Used in the diagnosis of DIC, venous thromboembolism, and excluding the diagnosis of a pulmonary
embolism
Fibrinogen is a complex protein (polypeptide) that, with enzyme action, is converted to fibrin. The fibrin,
along with platelets, forms the network for the common blood clot. Although it is of primary importance as a
coagulation protein, fibrinogen is also an acute-phase protein reactant. It is increased in diseases involving damage
or inflammation.
This test is done to investigate abnormal PT, aPTT, and TT and to screen for DIC and fibrin-fibrinogenolysis
It is part of a coagulation panel
Protein C
Protein C, a vitamin K-dependent protein that prevents thrombosis, is produced in the liver and circulates
in the plasma. It functions as an anticoagulant by inactivating factors V and VIII.
This test is used for evaluation of patients suspected of having congenital protein C deficiency
Resistance to protein C is caused by an inherited defect in the factor V gene (factor V Leiden) and causes
significant risk for thrombosis
It is the underlying defect in up to 60% of patients with unexplained thrombosis and is the most common
cause of pathologic thrombosis
If functional protein C is abnormal, a protein C resistance test should be performed
Protein S
Protein S also is dependent on vitamin K for production and function.
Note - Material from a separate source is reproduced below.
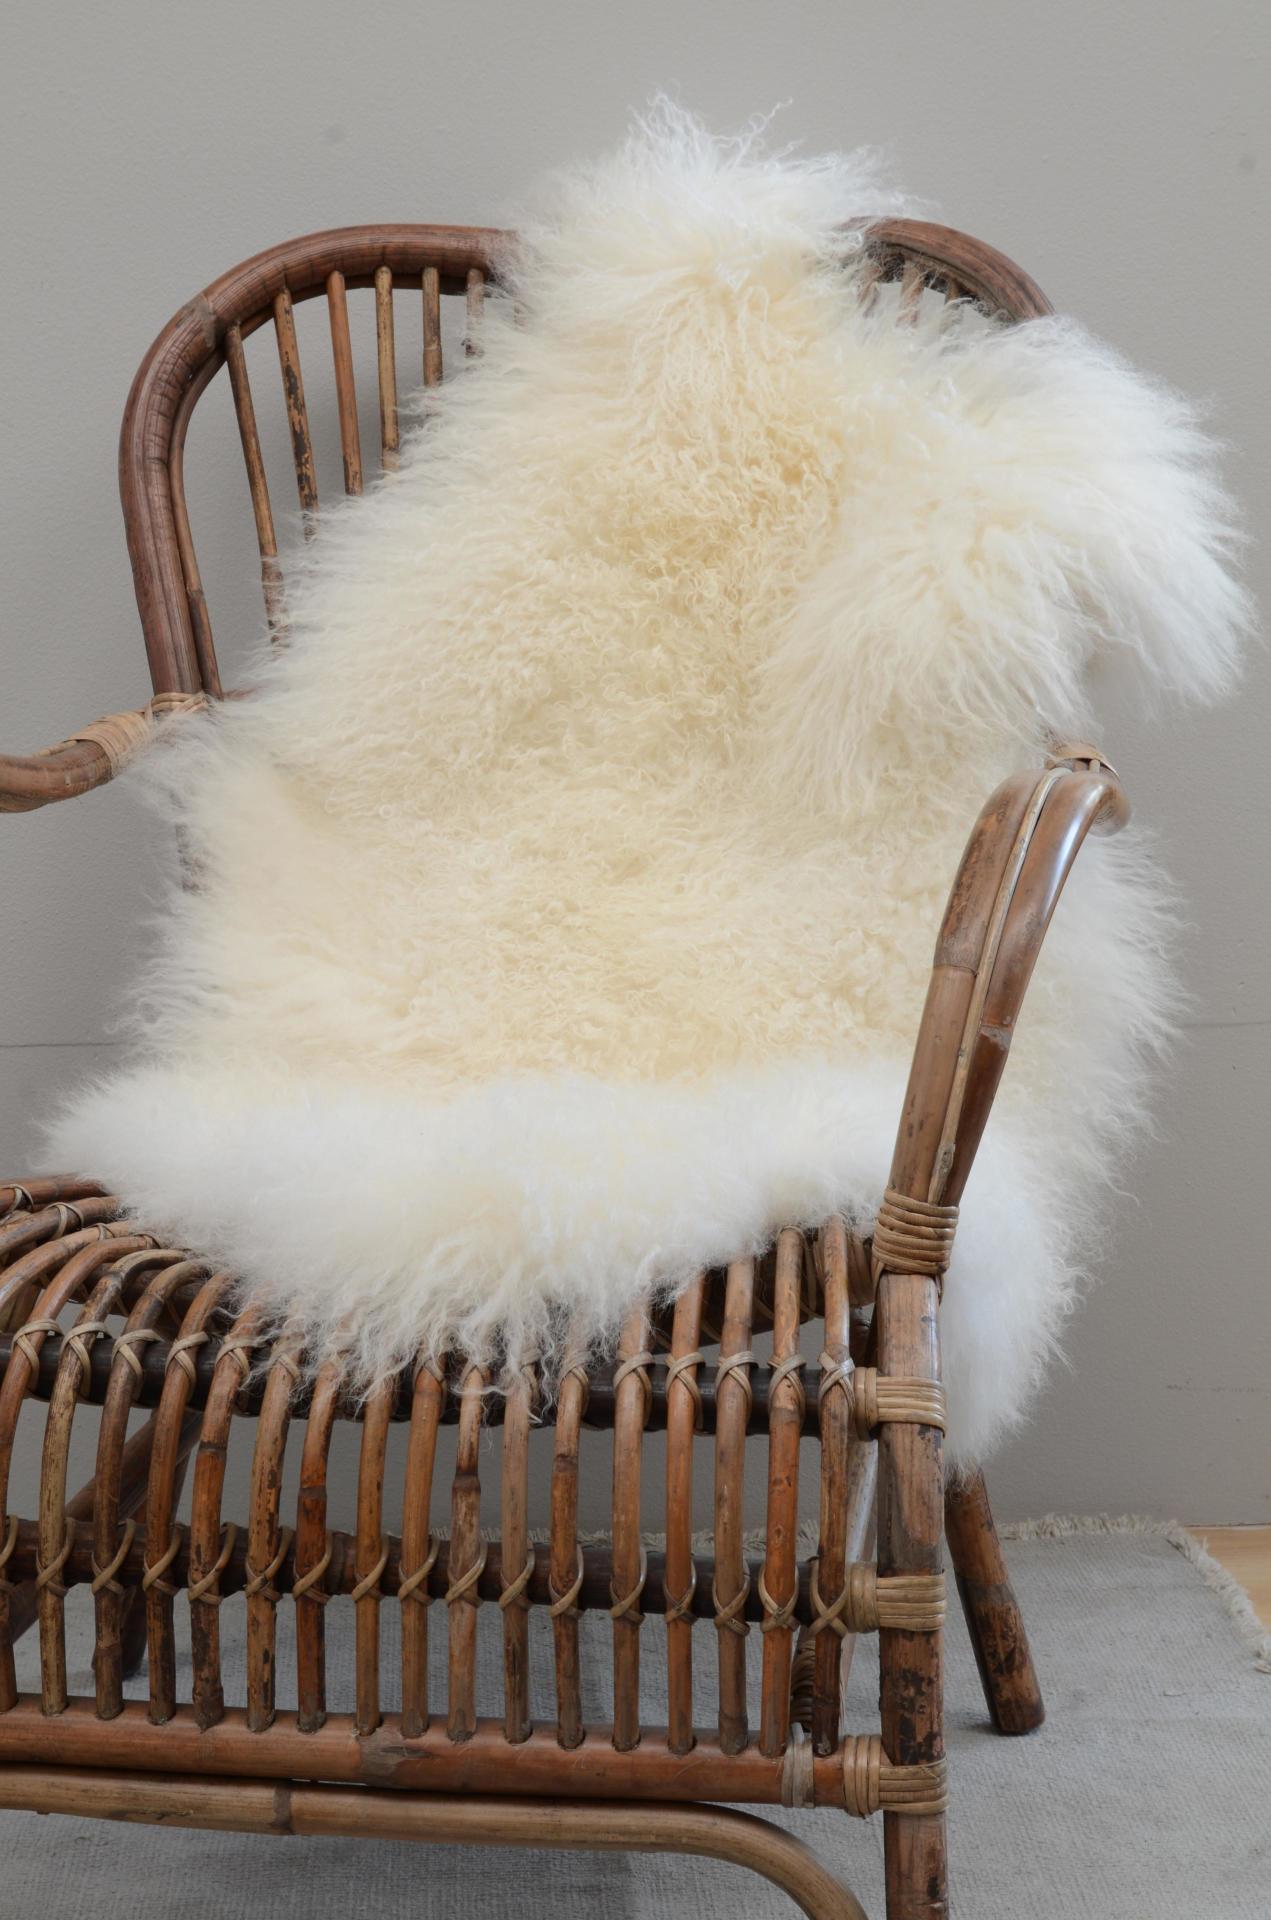 IB LAURSEN Tibetská ovčí kožešina Natural white, bílá barva, krémová barva, kožešina Krémová

Protein S serves as a cofactor to
enhance the anticoagulant effects of activated protein C.
Antithrombin III
AT-III inhibits the activity of activated factors XII, XI, IX, and X as well as factor II. The main physiologic
inhibitor of activator factor X. A significant number of patients with mesenteric venous thrombosis have AT-III
deficiency.
Lupus Anticoagulant
An antibody that is responsible for inhibition of the PT, PTT, Russell viper venom time, and kaolin clotting time.